What is Apache Kafka?
Apache Kafka is a distributed streaming system that can publish and subscribe a stream of records. Kafka can be used for a number of purposes: Messaging, real time website activity tracking, monitoring operational metrics of distributed applications, log aggregation from numerous servers, event sourcing where state changes in a database are logged and ordered, commit logs where distributed systems sync data and restoring data from failed systems.
Why Apache Kafka?
Kafka is messaging system. Kafka is highly scalable and highly durable. building real-time streaming data pipelines that reliably get data between systems or applications. Building real-time streaming applications that transform or react to the streams of data. Core reasons for choosing Kafka is its high reliability and ability to deal with data with a very low latency.
What are the different components that are available in Kafka?

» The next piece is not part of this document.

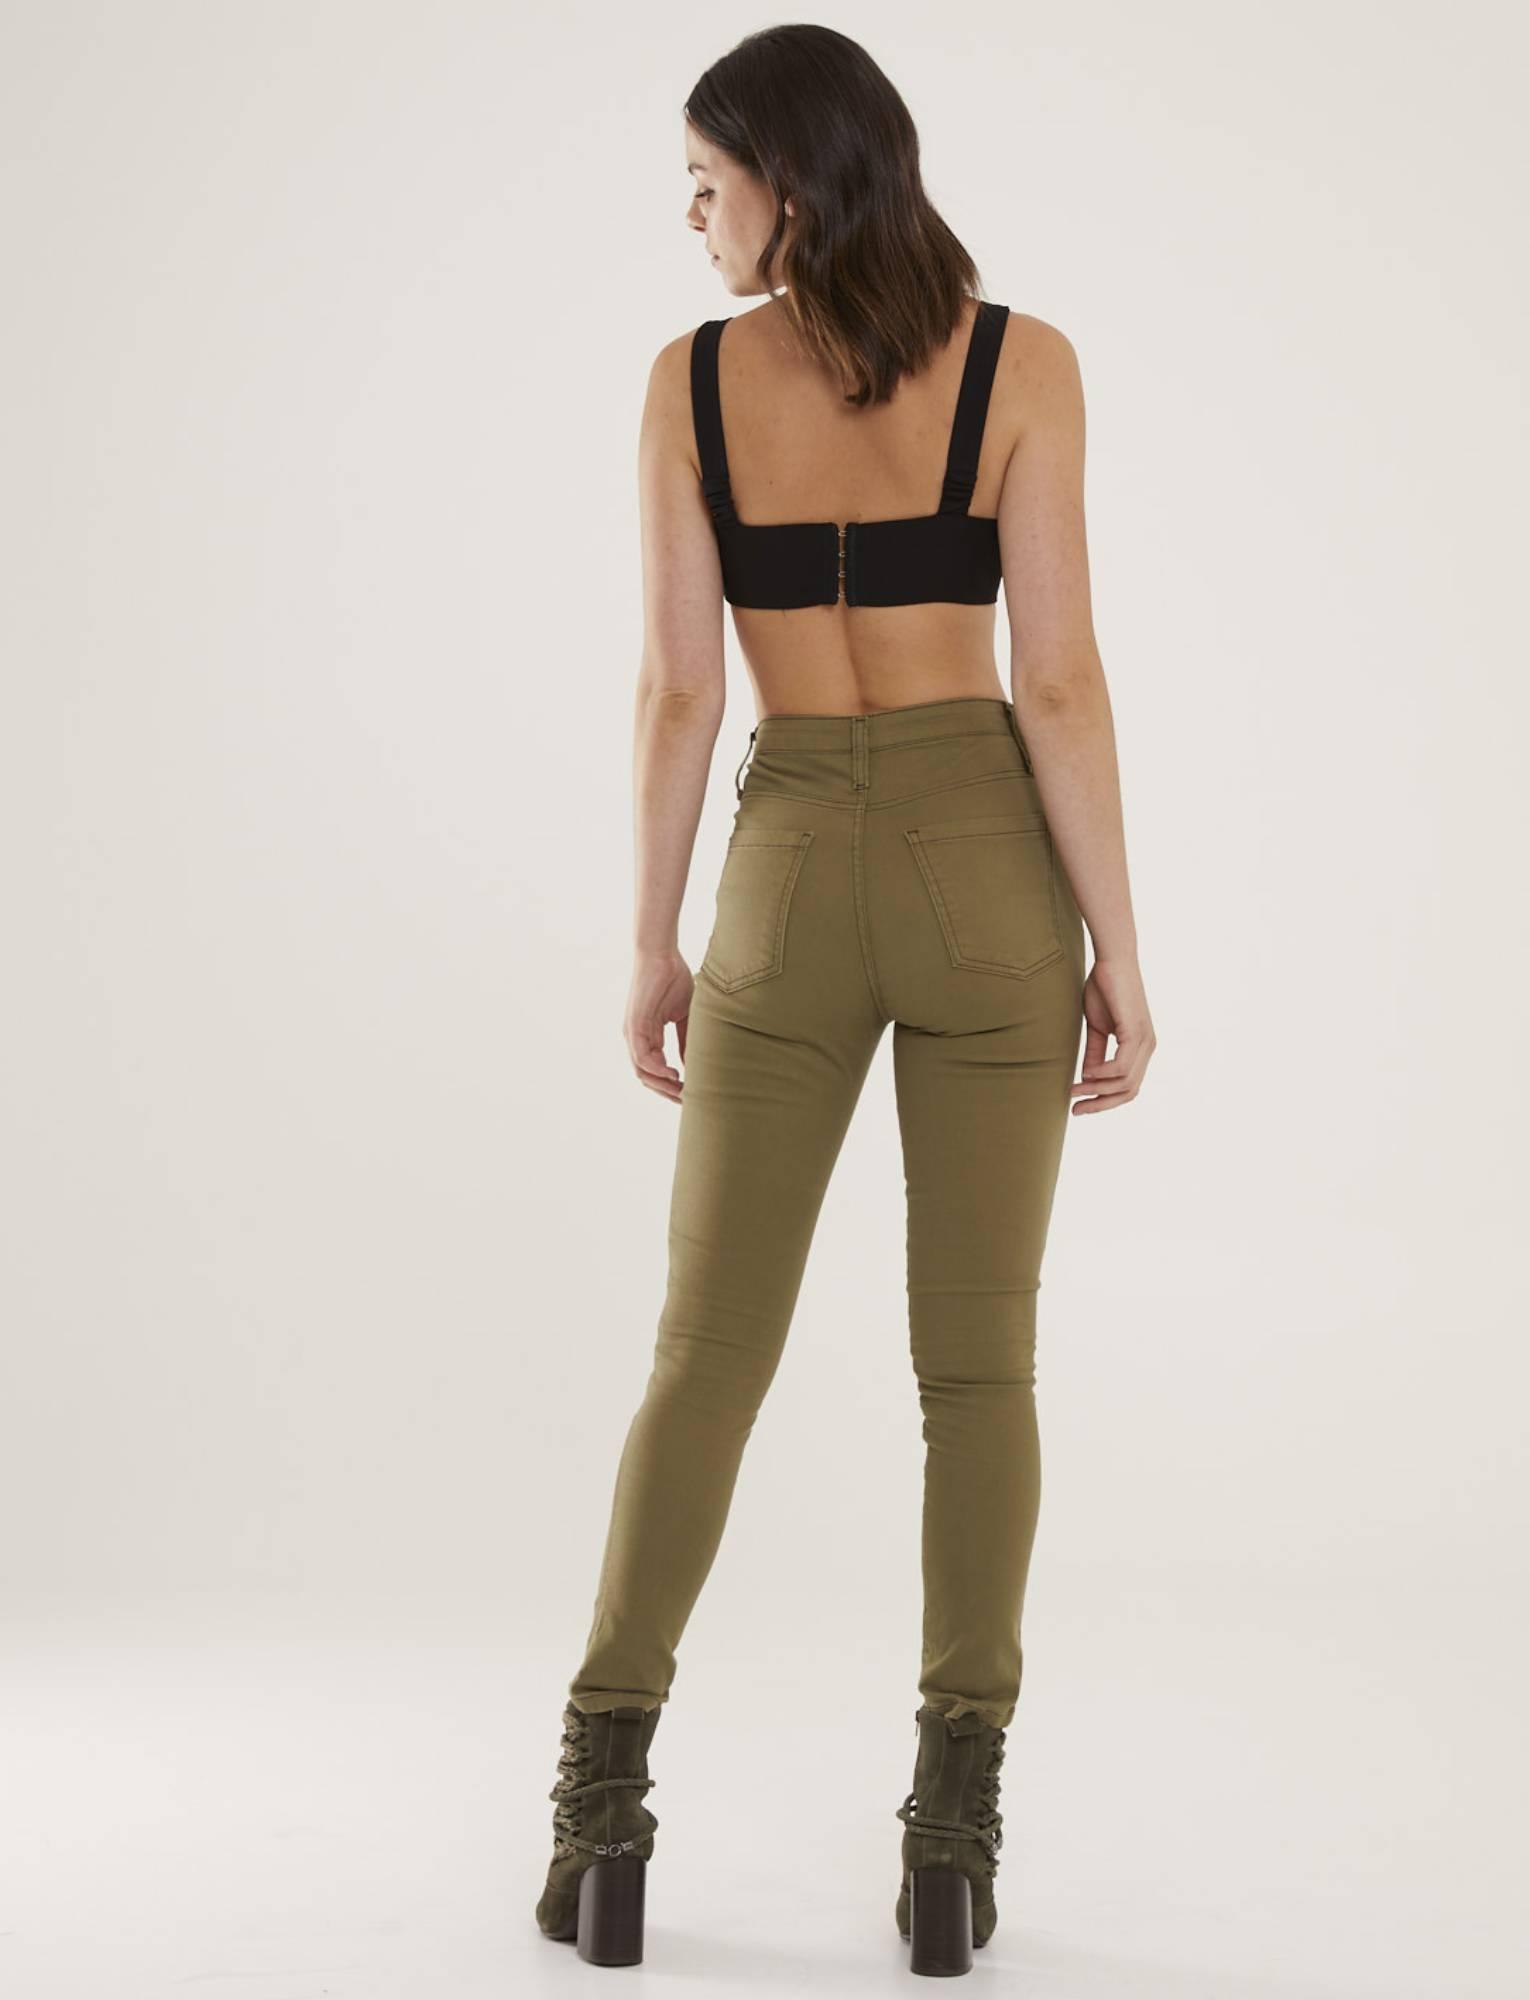 Calça Jeans Militar Feminina Skinny Lisa

Topics: Kafka maintains feeds of messages in categories called topics. Each topic has a user-defined category (or feed name), to which messages are published
Producers: Producers are processes that publish messages to one or more Kafka topics. The producer is responsible for choosing which message to assign to which partition within a topic.
Consumers: Consumers are processes that subscribe to one or more topics and process the feeds of published messages from those topics.
Brokers: A Kafka cluster consists of one or more servers, each of which is called a broker. Producers send messages to the Kafka cluster, which in turn serves them to consumers
What are the core APIs in Kafka?
Kafka has four core APIs:
Producer API: The Producer API allows an application to publish a stream of records to one or more Kafka topics.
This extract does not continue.